With Gerry Lenfest slapping his name on everything from plazas to ships, Lenfest Hall at the Curtis Institute of Music might seem like old news. A friend of mine had the pleasure of working at the National Arts Club of Manhattan and his story revealed some dramatic parallels, unfortunate missed opportunities, and one beautiful stained glass ceiling.
Like Lenfest Hall, the National Arts Club occupies a collection of 19th Century mansions. The club acquired the Samuel J. Tilden House on Gramercy Park South in 1906. Prior to the club's acquisition of the property it had been combined with another stately home in 1845. Inside a stained glass dome was designed by Donald MacDonald, the teacher of famed artist Louis Comfort Tiffany.
Fortunately for Manhattanites, the National Arts Club retained much of the mansion's grandeur inside in out. While two brownstones were retained as part of Lenfest Hall's facade, the first warning sign should have come when the Curtis Center contracted Venturi, Scott Brown and Associates to design the structure's extensive renovation.
For some reason this city continues to extend Robert Venturi's firm carte blanch when it leaves its mark on Philadelphia.
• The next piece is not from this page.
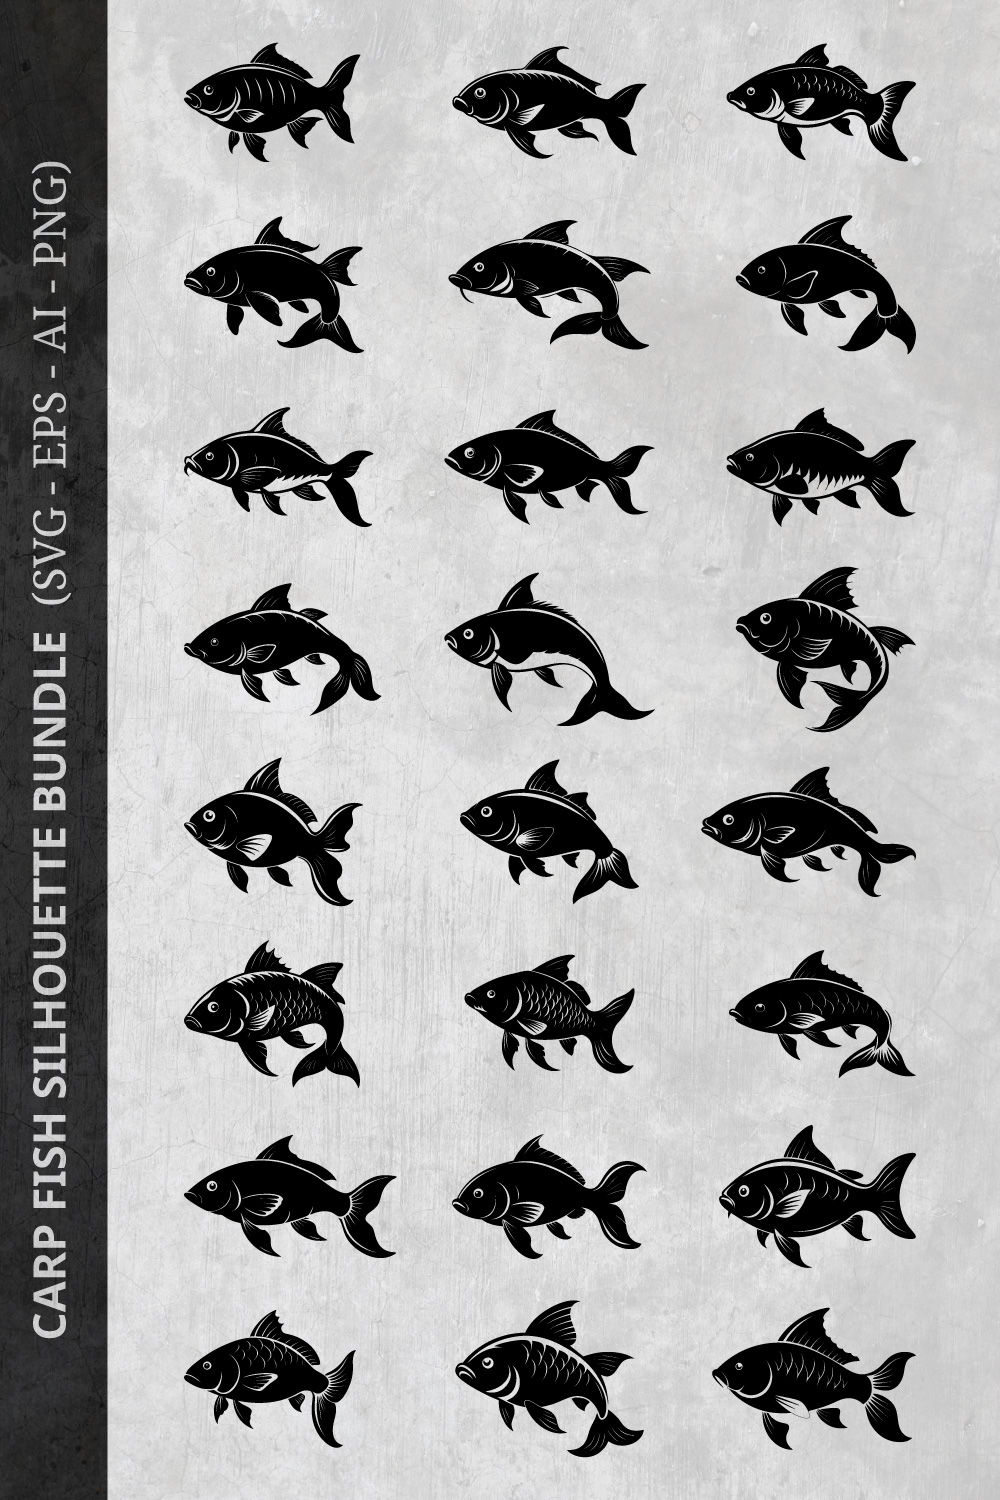 Carp fish silhouette design bundle set with white background pinterest preview image.

The critiques often read like first year art history students struggling to find the beauty in a blue canvas with a red stripe across it. "Brilliant!" No, not really.
If you've read anything else I've written you know I'm not a fan of hackneyed modernism. I appreciate experimental design and many of our lesser known architects in Philadelphia like Erdy-McHenry and QB3, those who challenge convention while creating something well crafted and interesting to look at. Unfortunately many starchitects, particularly the trifecta of mediocrity - Venturi, Gehry, and Graves - have branded an identity to sell their designs the way The Jersey Shore pushes pickles.
It's not that Lenfest Hall is bad. It serves a purpose, it's scaled to the street, and it's unassuming. But so is a parking garage. Is it okay? That's exactly what it is. But as part of an institute that strives to represent the best in the art community, okay isn't okay.
While anyone who knows anything about architecture can look at Lenfest Hall and see Venturi's signature style, it's hard not to see an architecture student from 1992. If experimental design is going to erase the beautiful works of art that once occupied the site of Lenfest Hall, it needs to overwhelm and inspire the way those homes once did, inside and out.
But Lenfest Hall isn't even experimental. It was dated before it was built. Its tiresome, branded design will undoubtedly find a page in the annals of academia, but architecture is the one art that is thrust on all of us, and the one opportunity for artists to inspire, even enrage, those who would never otherwise set foot in a museum.
And in this instance, Venturi, Scott Brown and Associates have proven once again that they would rather use their brand to build their portfolio than offer pedestrians something interesting.